The question, of course, is which hypervisor? Unlike Windows itself, which is purely a Microsoft product (although there are emulators available, such as WINE for Linux), virtual machine operating systems don’t have to come from Microsoft to run Windows. Any of the new virtual machine operating systems will run Windows (properly licensed, of course). To Windows, the virtual OS looks like the native hardware. In fact, one of the major advantages of running operating systems as guests on virtual machines is that you don’t need special versions of your applications or (most probably) your operating systems. To the application and the guest OS, the virtual machine looks just like the real thing.

Some companies have taken advantage of this feature to offer canned demonstrations of elaborate software that doesn’t require installation or configuration. Just pop the CD or DVD into a virtual machine OS equipped system and run the application—no messing with drivers, configuration, or other hassles. The application runs in its own virtual machine, which handles everything. For example, VMware offers what it calls "virtual appliances": ready-to-run virtual machines already loaded with software such as IBM’s DB2, Oracle, and Red Hat and Ubuntu versions of Linux.
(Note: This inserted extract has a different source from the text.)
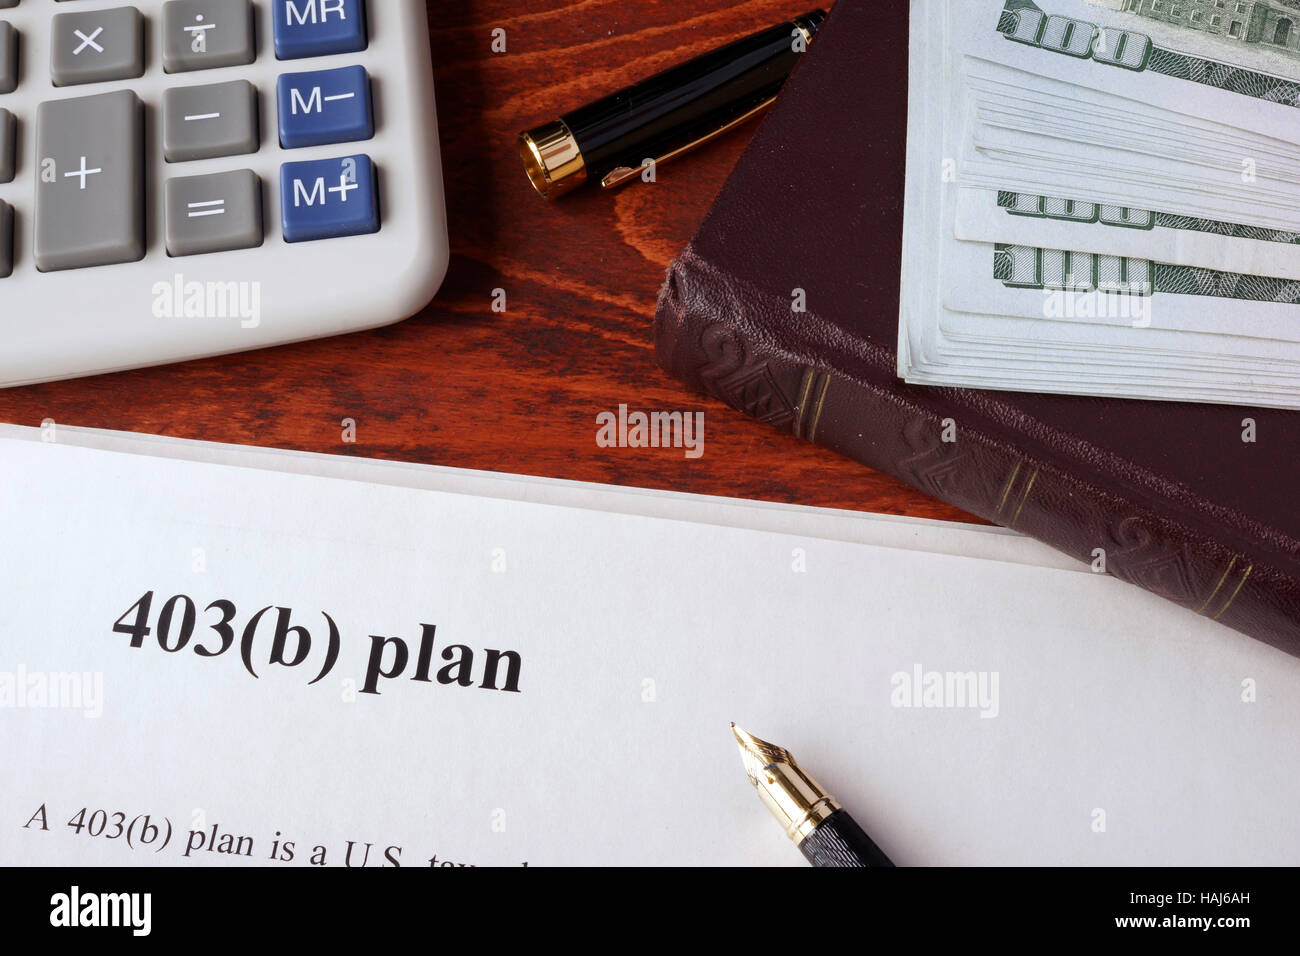 Papers with 403(b) Plan and book on a table. Stock Photo

If virtualization for Windows is such a wonderful idea, how come we haven’t had it before? There are three reasons, two of them technical and one of them commercial.

The technical reasons are, first, that a virtual architecture eats resources. Even standard Windows is notoriously resource-intensive, and earlier Windows systems usually didn’t have the processing power, I/O, and such to support virtualized Windows with reasonable performance in most applications.

The other technical reason is that some peculiarities of the x86 architecture make a virtual OS difficult to implement. It can be done, of course, but it isn’t easy. Unlike some other architectures, such as Motorola’s 68000 series, Intel’s 8086 was never designed to run more than one instance of the operating system. (For that matter, it wasn’t designed to support multiuser, multitasking operating systems, but that’s gotten much better over the years.) Even the latest versions of the x86 processors from Intel and AMD are direct descendants of the 8086, and it shows. The upshot was that it requires a lot of technical savvy and just plain hard work to design a virtualizing operating system for x86 machines.

The commercial reason is the most important one. Until recently, there wasn’t an enormous demand for virtual machines on Windows systems. Administrators were content to add servers as needed.

Adding servers is a lot less popular now. Not only are most of those proliferating servers underutilized, but, underutilized or not, servers have to be managed. As system management becomes a growing expense, enterprises are looking for ways to bring those costs under control. While virtualizing servers isn’t perfect—you still have to manage the server software, after all—it does cut down the effort required to manage the hardware.